I just picked up the new Mogwai album, Happy Songs for Happy People. I was surprised to find an insert in the album stating that the CD comes with a demo version of Cubase SX and the multitrack audio files of the first song on the CD, required to remix it. The Cubase demo is PC-only, so I don't get to see how the damned thing works under OSX, where most of my plug-ins can't go. The separate files are all .wav files, though, so if you don't mind not being able to load the .CPR Cubase SX project, you can still have a go at them. (Btw, Cubase SX files appear to be a RIFF data type; maybe some penguinhead will reverse-engineer them in due time, at least well enough to import them.)
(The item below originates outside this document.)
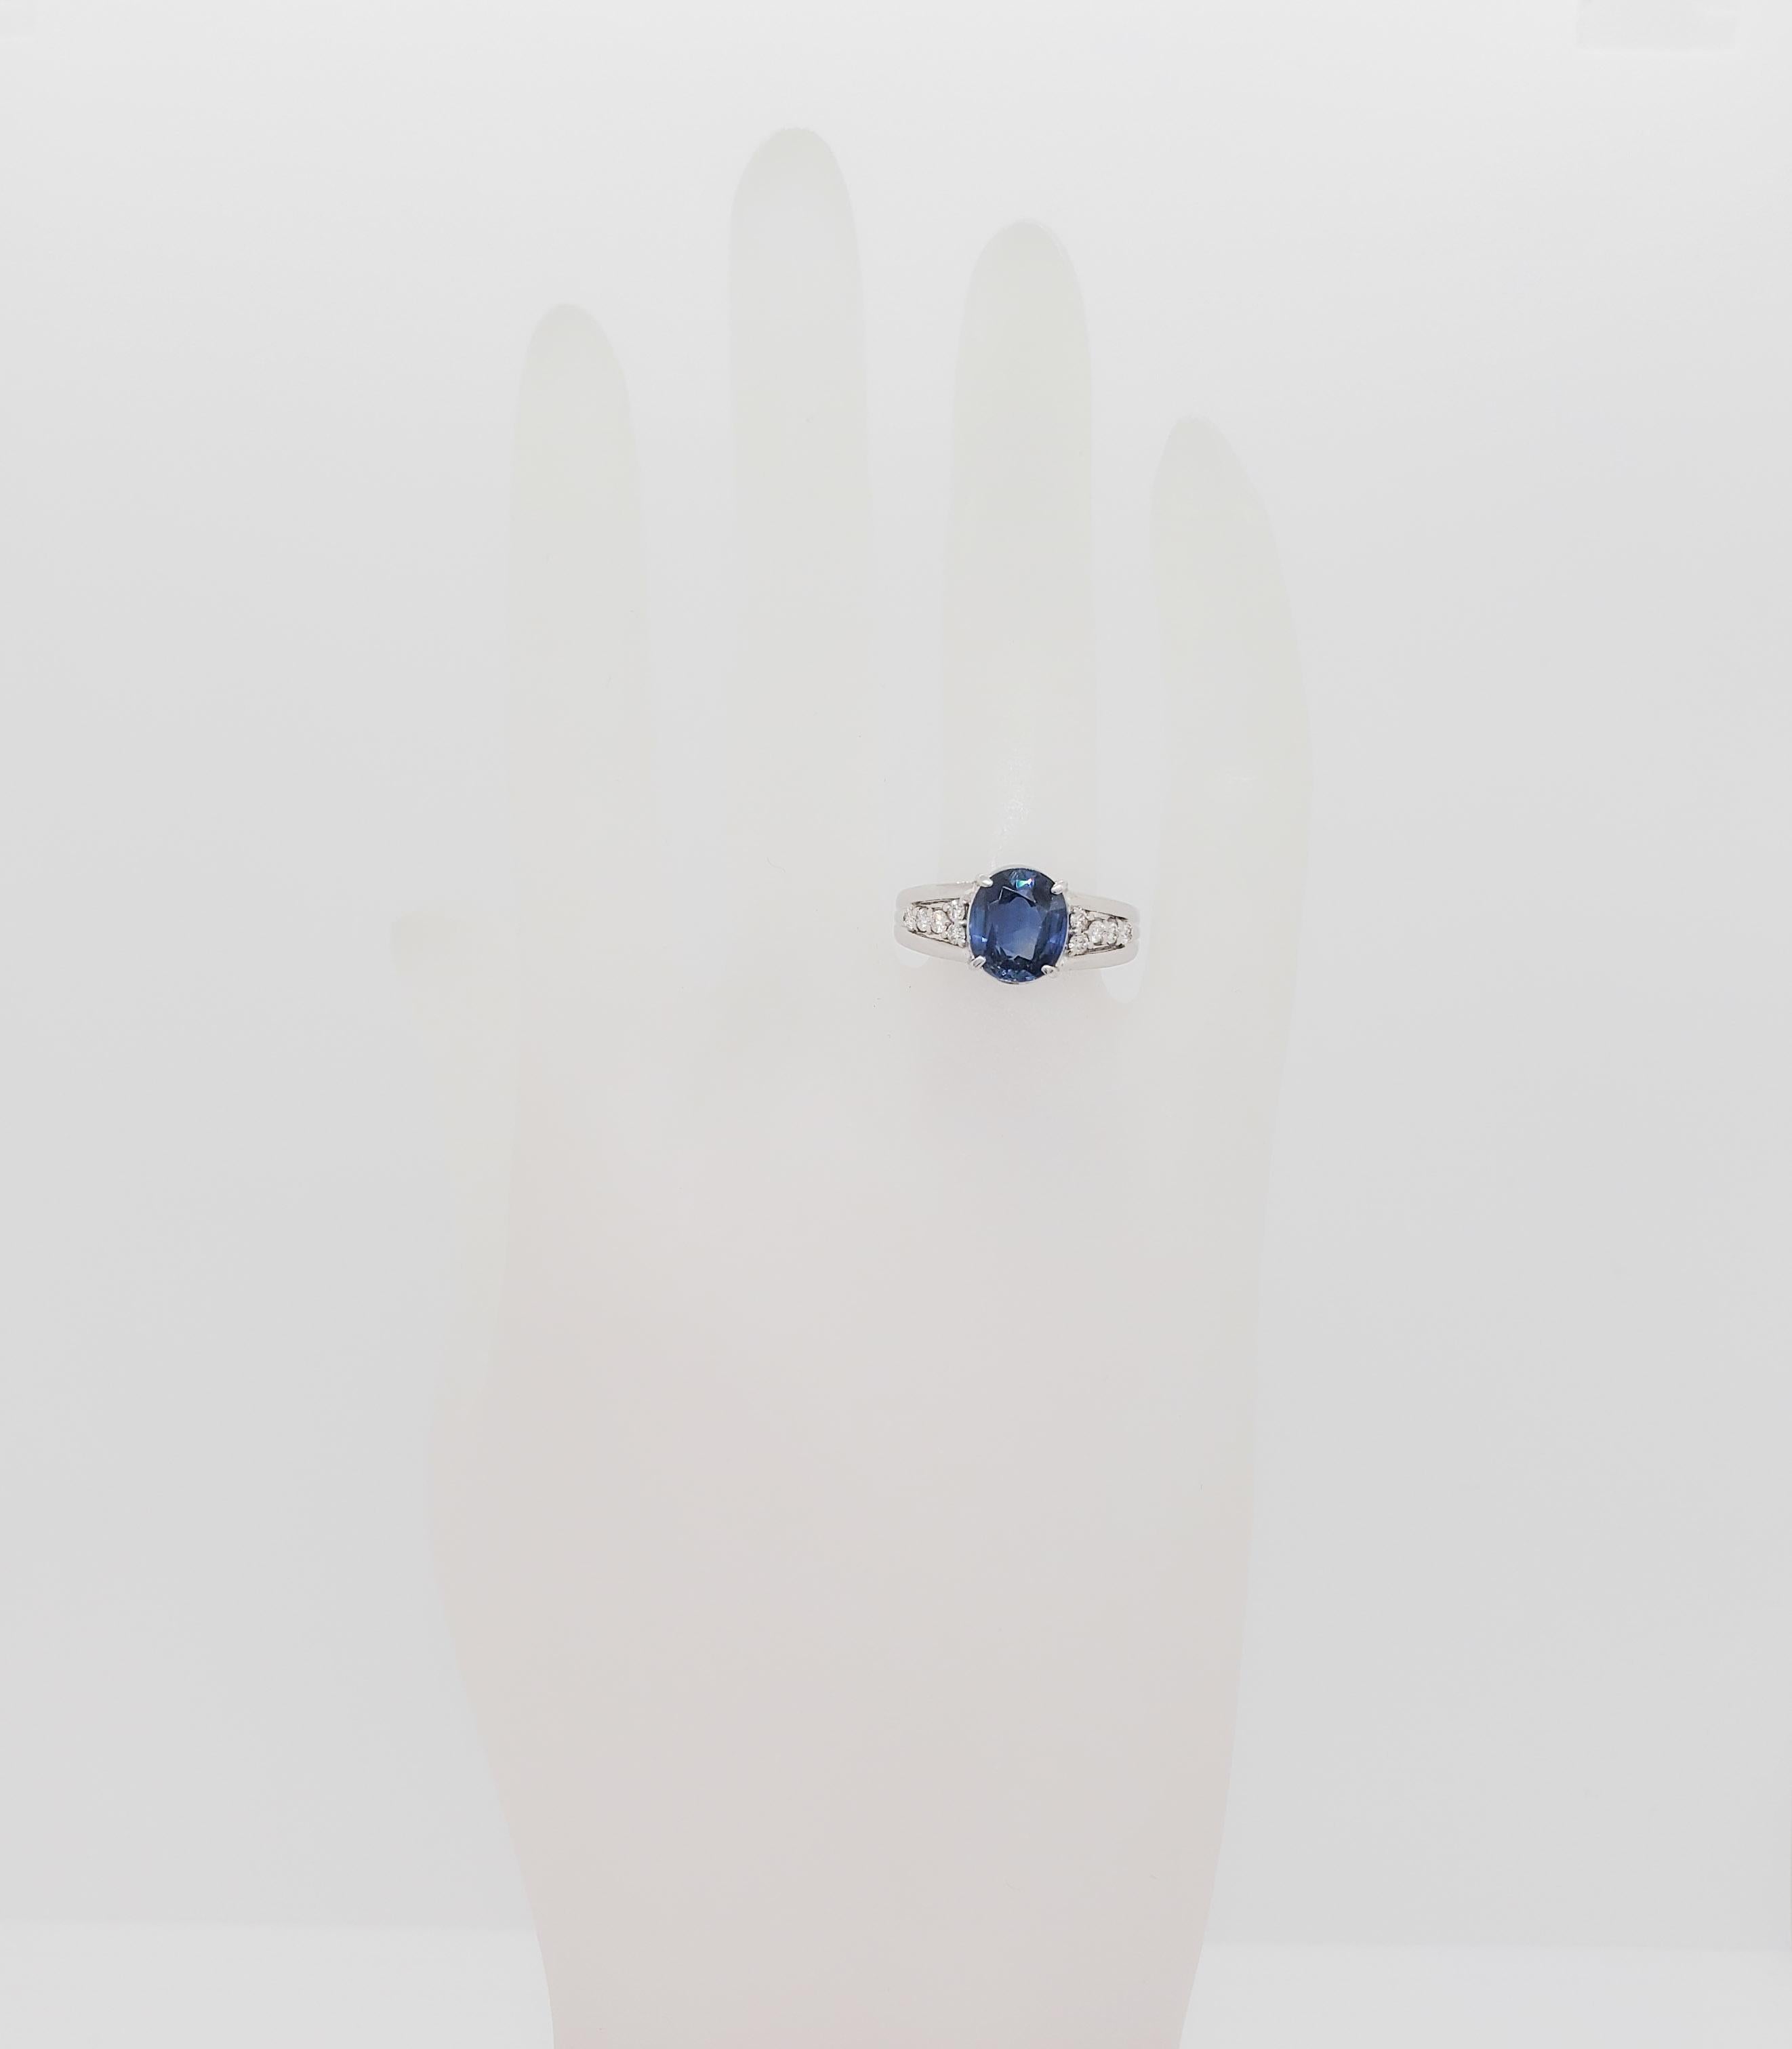 Oval Cut Blue Sapphire Oval and White Diamond Ring in 18k White Gold

Anyway, it's an interesting experiment; giving songs for the fans to remix like that. I can't see the copyright-crazed majors allowing their chattels to do something like that (i.e., if Radiohead did that, it'd probably come with a special rights-managed remixing program which ran only on your Trusted PC™ and let you give a few play-once low-bitrate Windows Media copies to a handful of friends before self-destructing), but I think it makes sense for indie artists. Mogwai probably have more to benefit from a fan-made remixes of one of their songs floating around the MP3 nets and being played by laptop-glitch DJs from their Ableton Live-equipped iBooks than most artists; much in the way that Björk has to gain from all the bootleg remixes of her songs floating around.

As for the album: haven't heard the whole thing yet, though it sounds good. It seems that the detour into Radical Jewish Thrash Metal that was My Father My King was just that, and the album is a progression from Rock Action; if anything, it's more introverted and subtle, though in a good way. In places they're starting to sound a bit like Sigur Rós, though.

Speaking of Sigur Rós, I also picked up their Sigur 1 - Sigur 9 single, which came with a DVD of videos. The one for Svefn-g-englar is not bad, and quite apt; it basically has people dressed up as angels moving about in slow motion around an Icelandic landscape, under a volcanic cliff and a featureless off-white sky. (The video was a US import, where they are released through MCA/Universal, which is presumably why it's a Region 1-only DVD.)

(Interesting that Mogwai hail from Scotland and Sigur Rós hail from Iceland. I wonder how long until a post-rock band emerges from the Faroe Islands, a point roughly halfway inbetween.)